Thursday, December 1, 2011

The A/V Room: December

Video time, and no, don't worry - we're not going to inject your usual dose of quality music videos with some sort of Christmas related nonsense, just all the recent clips that are worth your peepers, and hey, they may just be some of the best this year.
Enjoy:

Fleet Foxes - The Shrine/An Argument (dir: Sean Pecknold)
One of the best tracks from one of the best albums of the year deserves not a good video, but one of the best. Sean (brother of band leader Robin) Pecknold delivers just that, in a beautifully rendered showcase of handcrafted animation with a mysterious, rustic atmosphere and rich, enigmatic characters. The visual matches to the soundtrack are brilliant and the lasting impact is that you've just beared witness to a stunning piece of art. Ladies and gentlemen, perhaps the most artsy video of the year. 

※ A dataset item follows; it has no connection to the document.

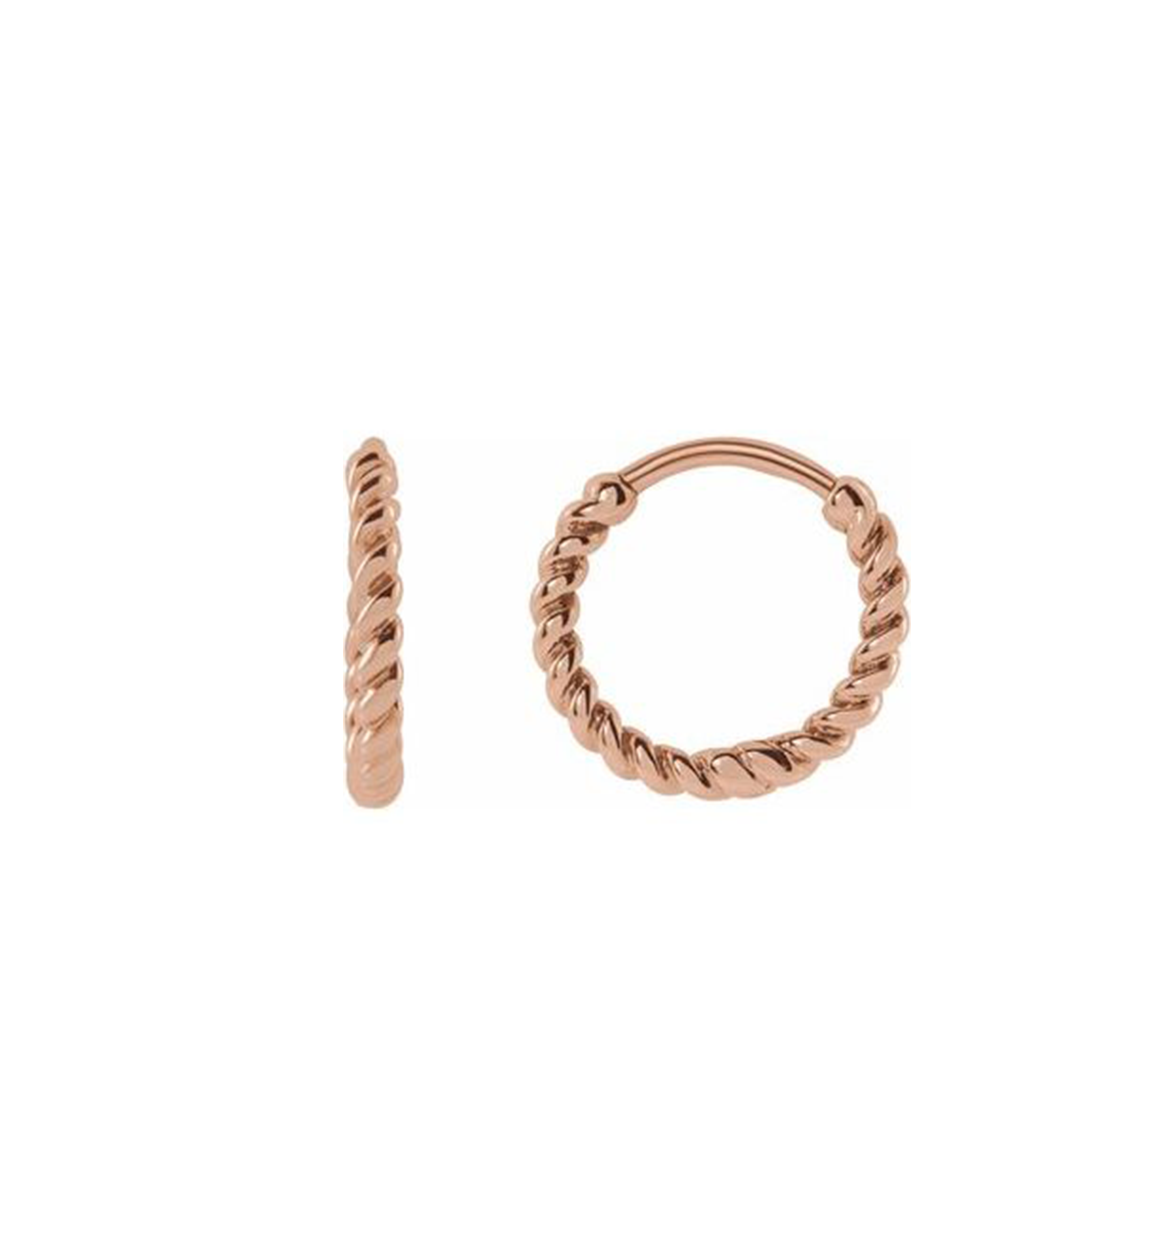 11MM BRAIDED 14K SOLID GOLD HUGGIE

Alpine - Hands (dir: Luci Schroder) NSFW
Already a staple of their live set, Hands is now the wonderful Melbourne band's lead single for their forthcoming debut. They've delivered impressively spooky drama before with Villages, but their latest ratchets up the sexual tension in a Lolita party of eating, licking and kooking out in a totally NSFW vid that's as sexy as it is creepy. It's scary hot stuff.

Beyoncé - Countdown (dir: Adria Petty)
DAYUM!*
*this video is just pop incarnate. It takes a surface of cool retro chic - with B flaunting a rotating wardrobe of outfits each more amazing than the last - then mixes it with some distinctly modern editing and visual trickery for a huge visual impact. Then there's some ace choereography that matches the track itself, a definite club upper of drum machines and dancehall swagger. Then a (may I remind you pregant) Beyoncé injecting the video with a pure sense of fun, not least because she herself looks like she's having buckets of it.
 It's all so flashy and impressive that it encourages multiple viewings too, Single Ladies may just have found the yin to its yang. Oh... and it's directed by Tom Petty's daughter. Boom.

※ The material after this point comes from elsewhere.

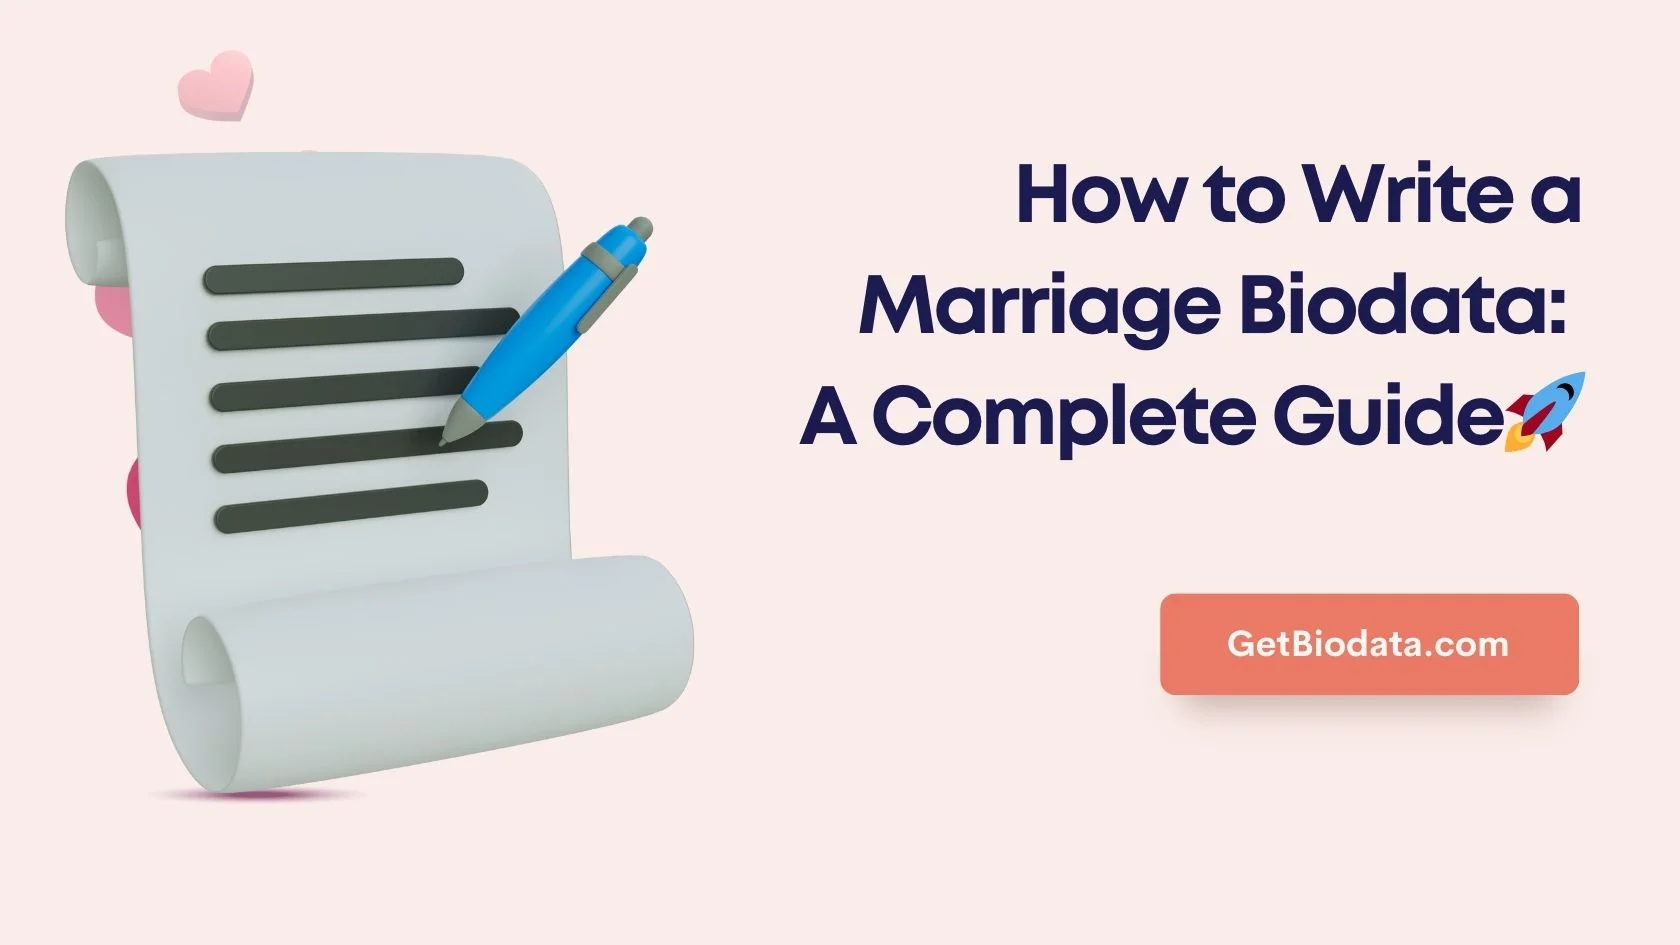 How to Write a Marriage Biodata: A Complete Guide

M83 - Midnight City (dir: Fleur & Manu)
As M83, Anthony Gonazales delivers eighties mini-epics, so it's only fair that the visual match to his synth-driven melodrama takes its influence from the same decade. Just your everyday narrative of psychic-powered kids, its influence made pretty clear by the accompnaying press statement: "This video is a tribute to Village of the Damned, Close Encounters of the Third Kind and other Akiras" That's three checked boxes in my film buff handbook! The finishing touch is neat too, a credits splash that mimics a movie poster,  as that delectable sax solo blares us to black.